So i'm not so hot with taking photos on the same day every week... so i figured i'll take them when i take them and you'll get to see them whenever that is! So smile... be happy!
So here's me at 32wks and 2 days.
And the BELLY for all you sickos that think this is cute...
(Yeah that's my Chucky smile i think)
So i'm at the yes i look pregnant and i feel like a whale stage. I don't feel fat because of my belly. I feel fat because of my thighs, my arms, my swollen feet and hands. I feel fat because it's hard to move off the couch or even roll over.

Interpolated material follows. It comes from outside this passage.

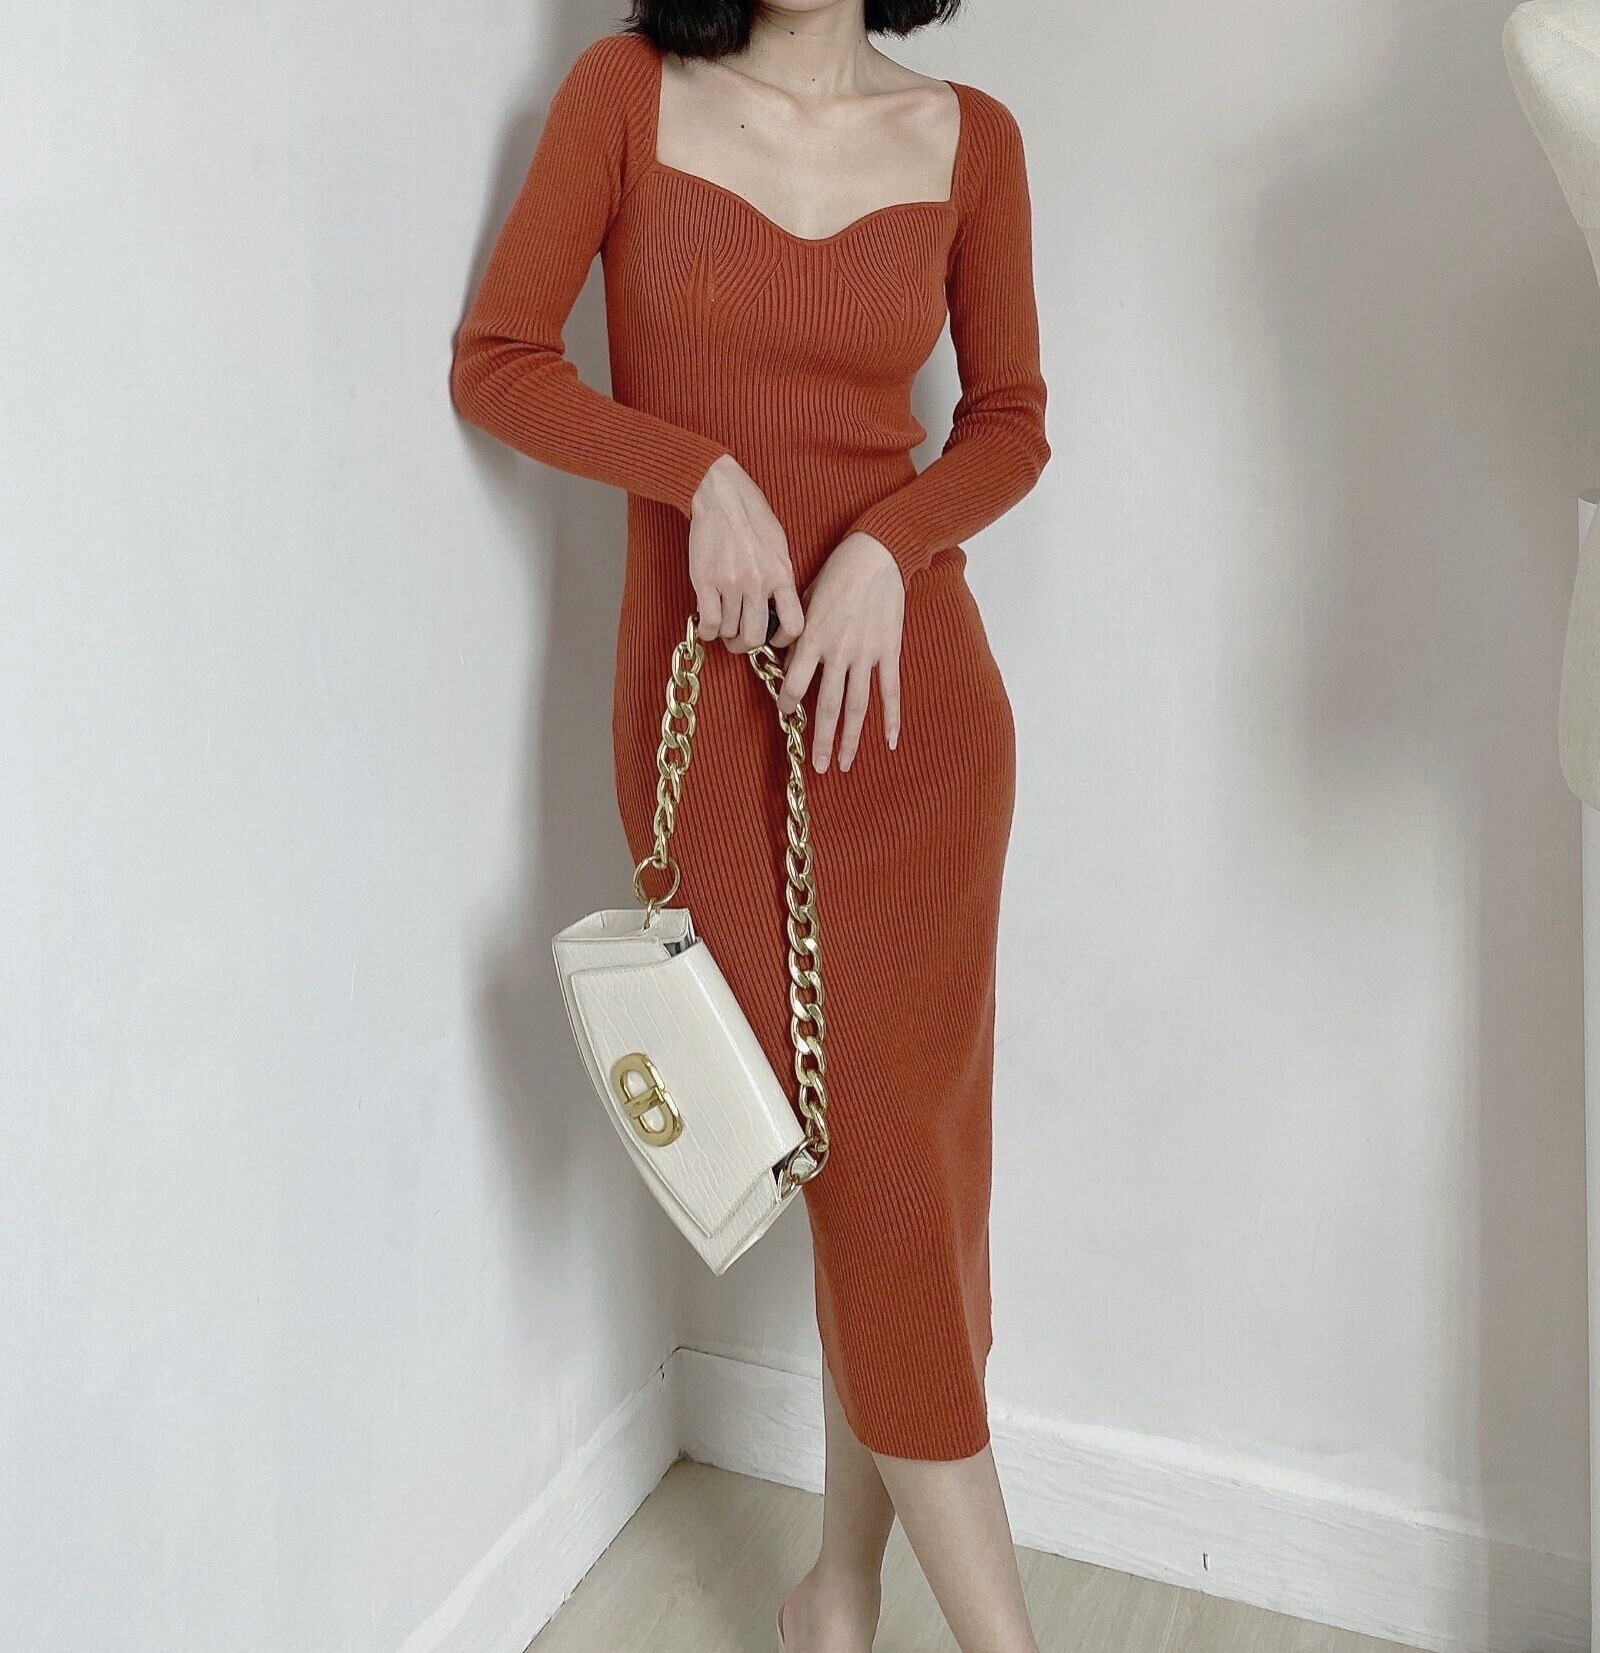 Square Neck Ribbed Thicken Warm Long Sleeve High Stretch Bodycon Knitted Dress in Dresses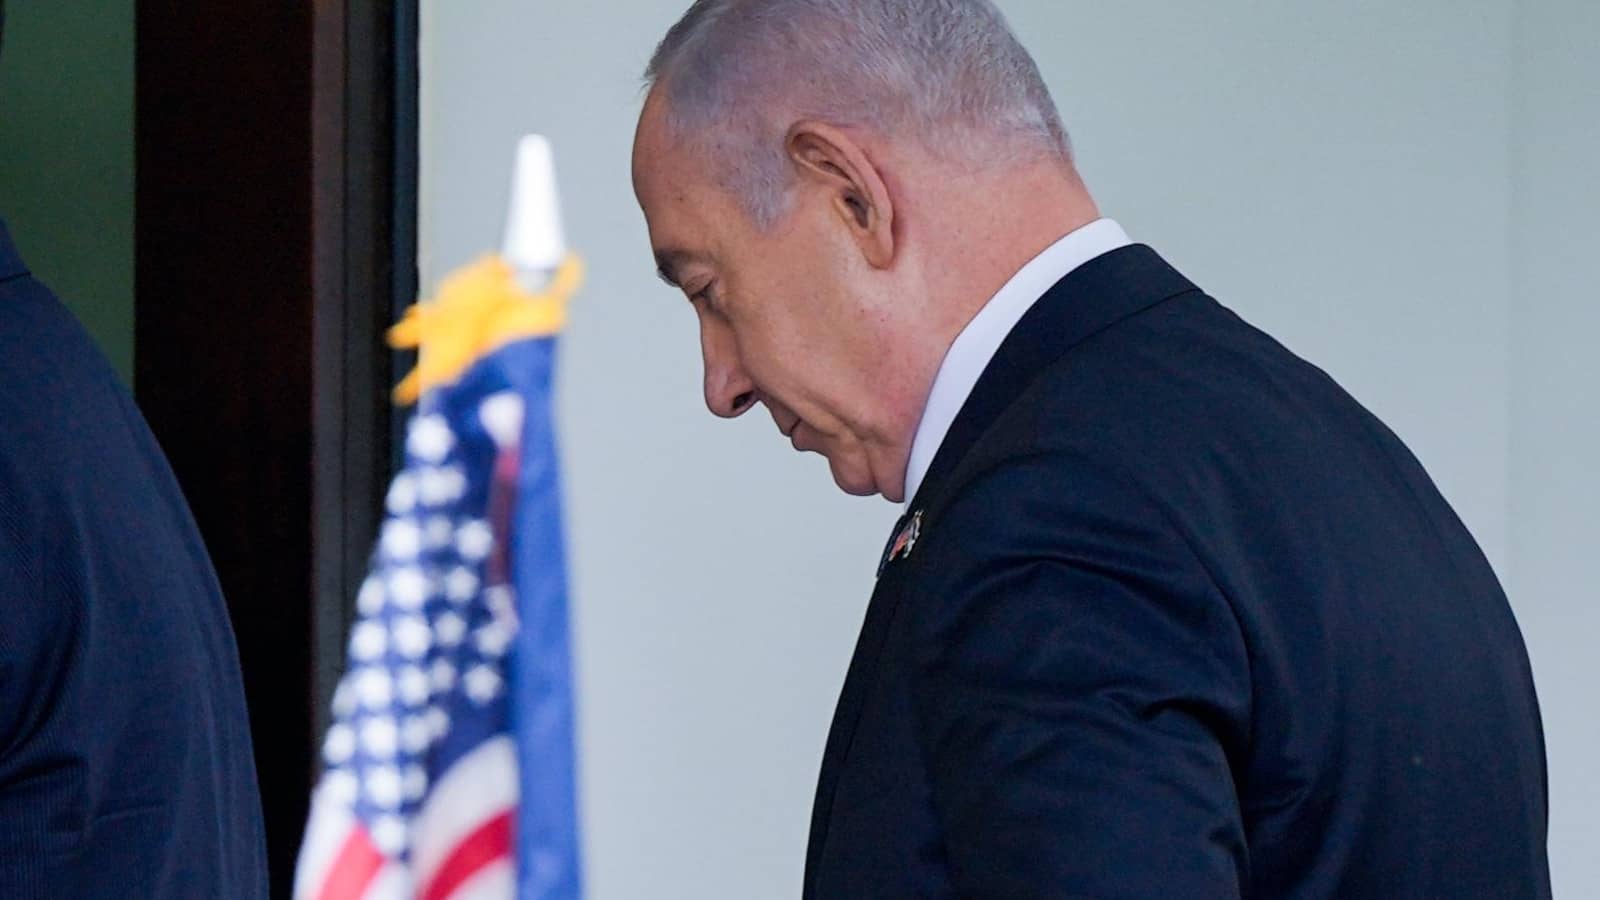 Netanyahu meets with Biden and Harris at a crucial moment for the US and Israel

This is me getting off the couch unassisted: roll until i'm off... roll until i'm on my hands and knees, and use everything within my reach that is stable to help me push myself up.
Chris even made the comments last night when i asked for help "How come you can lay down so easily but not get up just as easy?" my reply: "Because laying down equals falling and getting up requires abs, which i don't have anymore"... he didn't mean anything by it BUT i just keep getting more and more depressed about the state of myself.
i LOVE kinsley and feeling her (well most of the time) and watching her move. It's all so worth it in the end but i FEEL LIKE A FAT COW! I can't wear most shoes anymore without pain, i can't walk without waddling, i can't even wipe after using the restroom without having issues! YES you heard me! Wiping gets hard to do too!
Sometimes i have dreams where my belly is gone and i'm toned again (no not like i was never pregnant or Kinsley never existed) just i could wear BELTS again. I could TUCK IN A SHIRT! I could put socks and underwear on without grunting!
I really just want to feel pretty again...but today i just want to go home and cry that i'm a fat whale!